**Prompt:**
Would you give the listing again exactly, without its images?

**Information provided:**
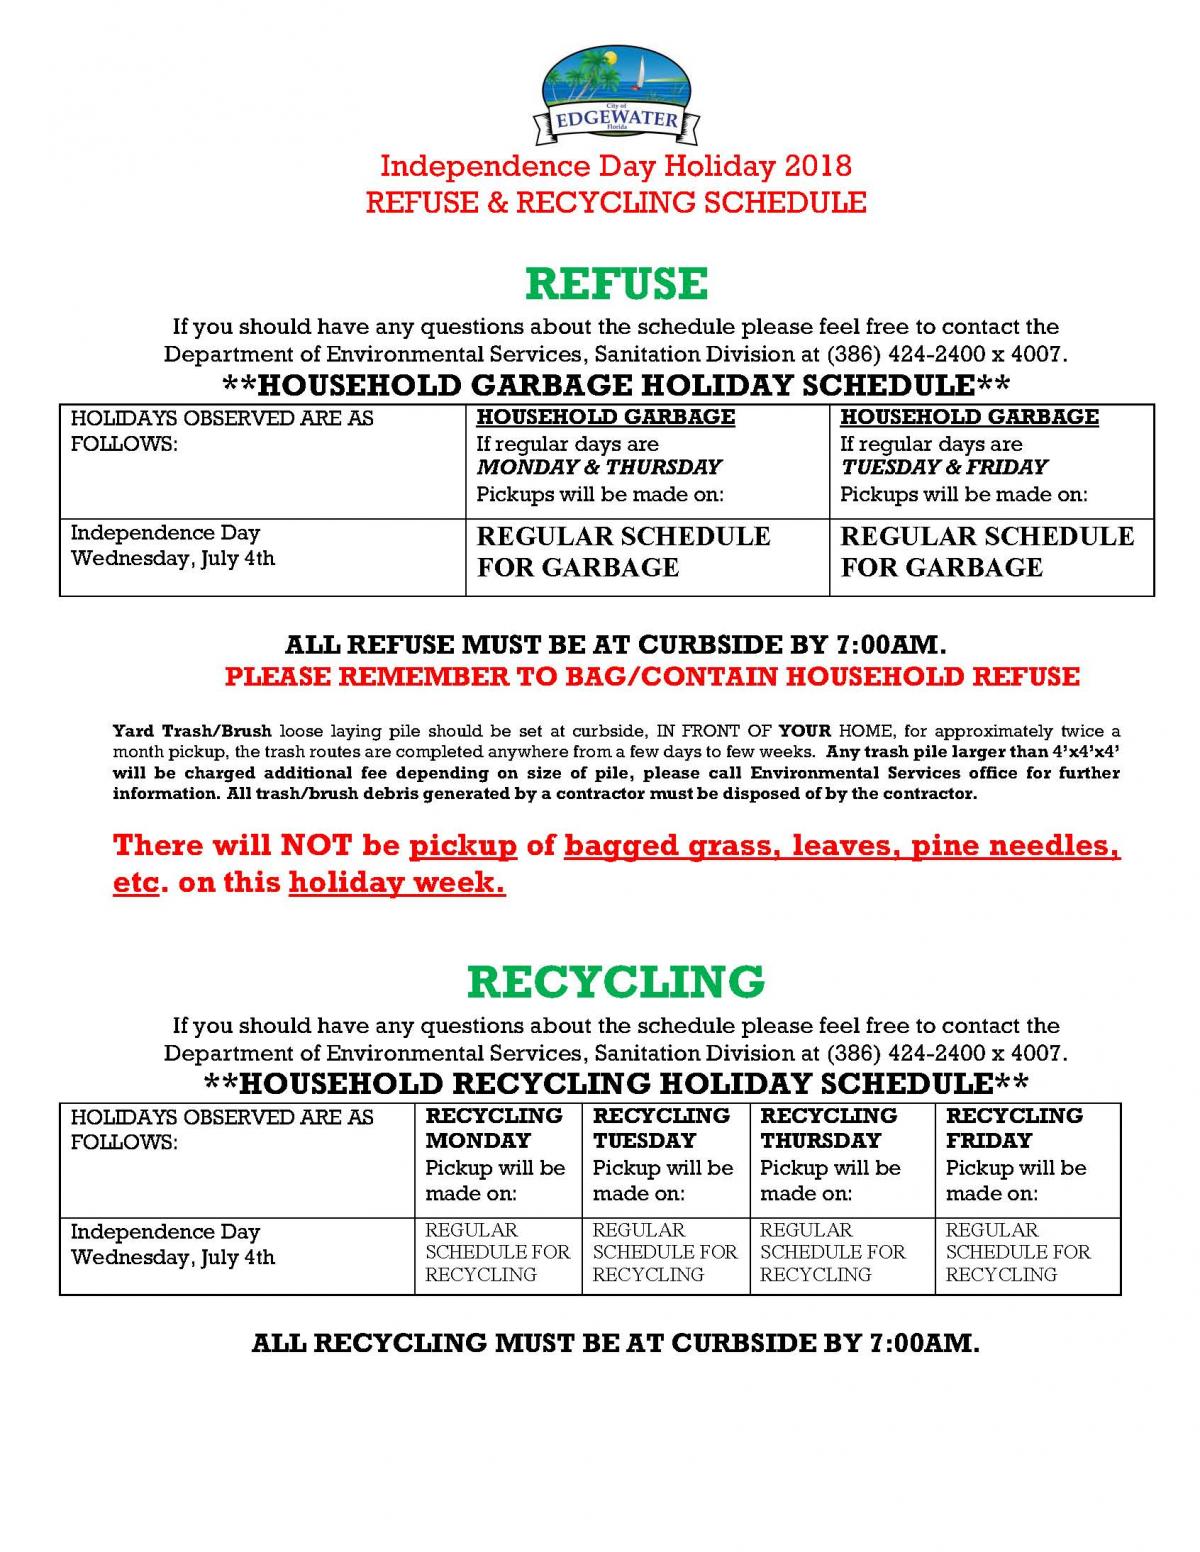 Refuse & Recycling Holiday Schedule-Independence Day | City of
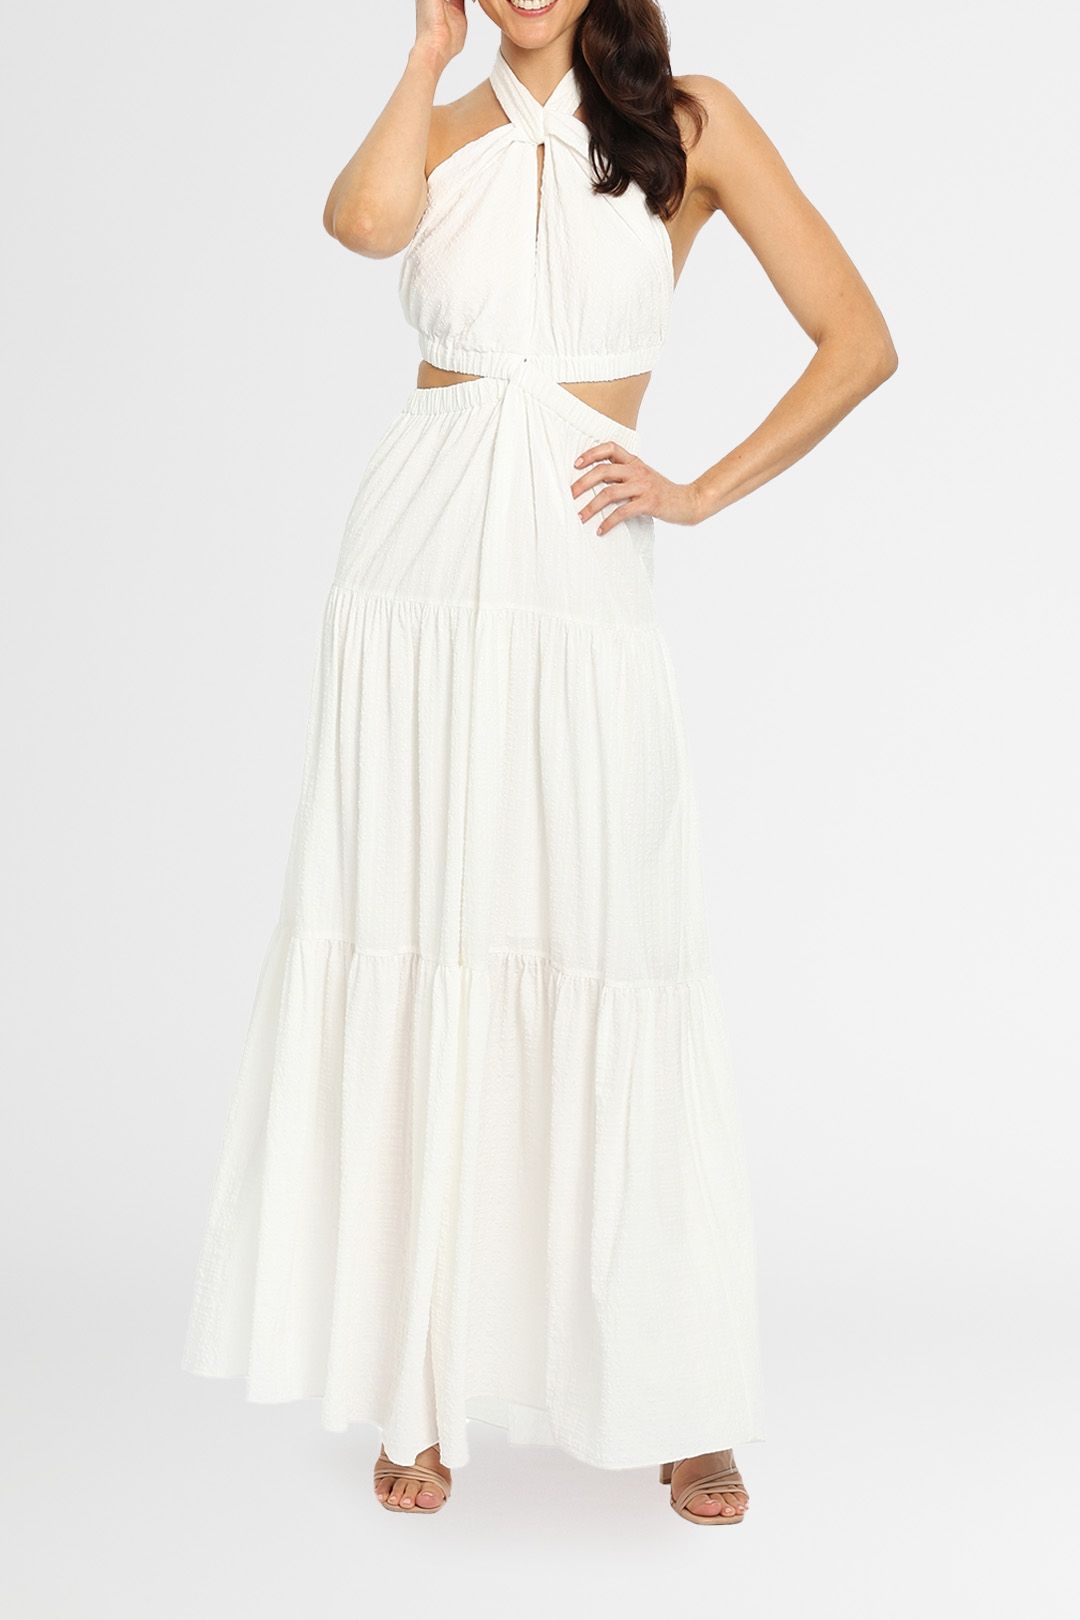 Significant Other Clementine Dress White
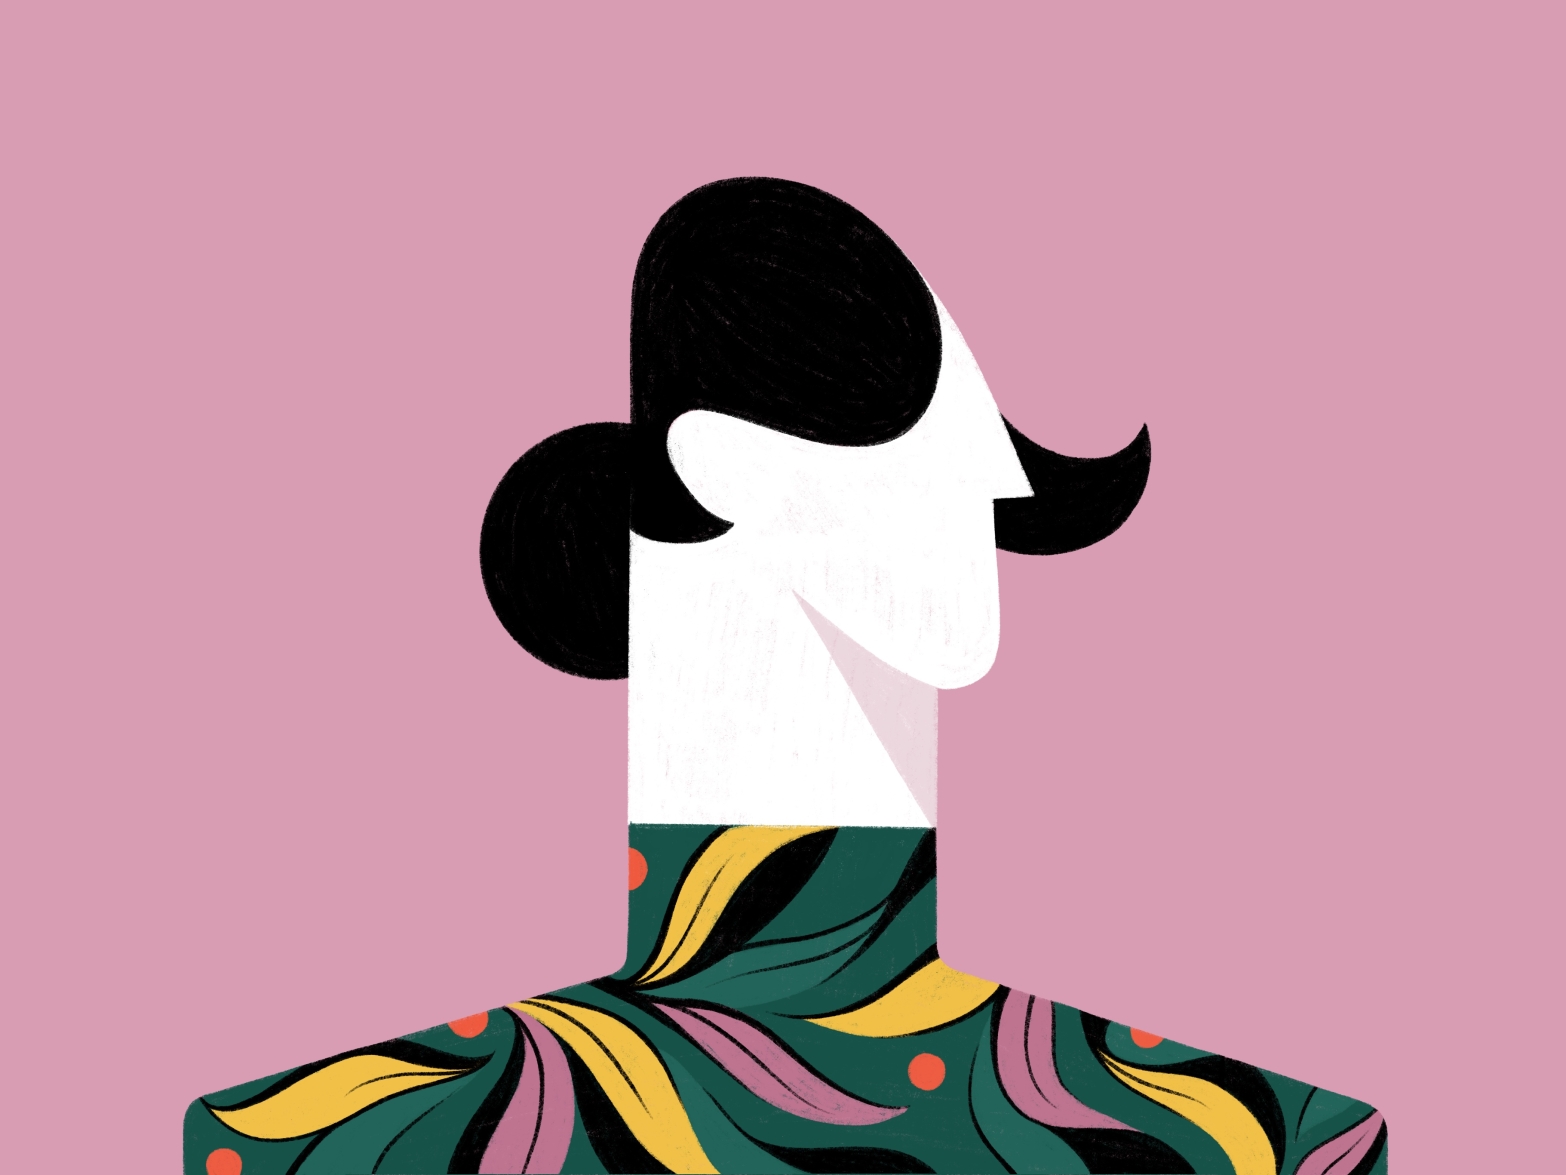 Portrait of a Girl by Brianna Miller on Dribbble

**Solution to this problem:**
 Refuse & Recycling Holiday Schedule-Independence Day | City of
 Significant Other Clementine Dress White
 Portrait of a Girl by Brianna Miller on Dribbble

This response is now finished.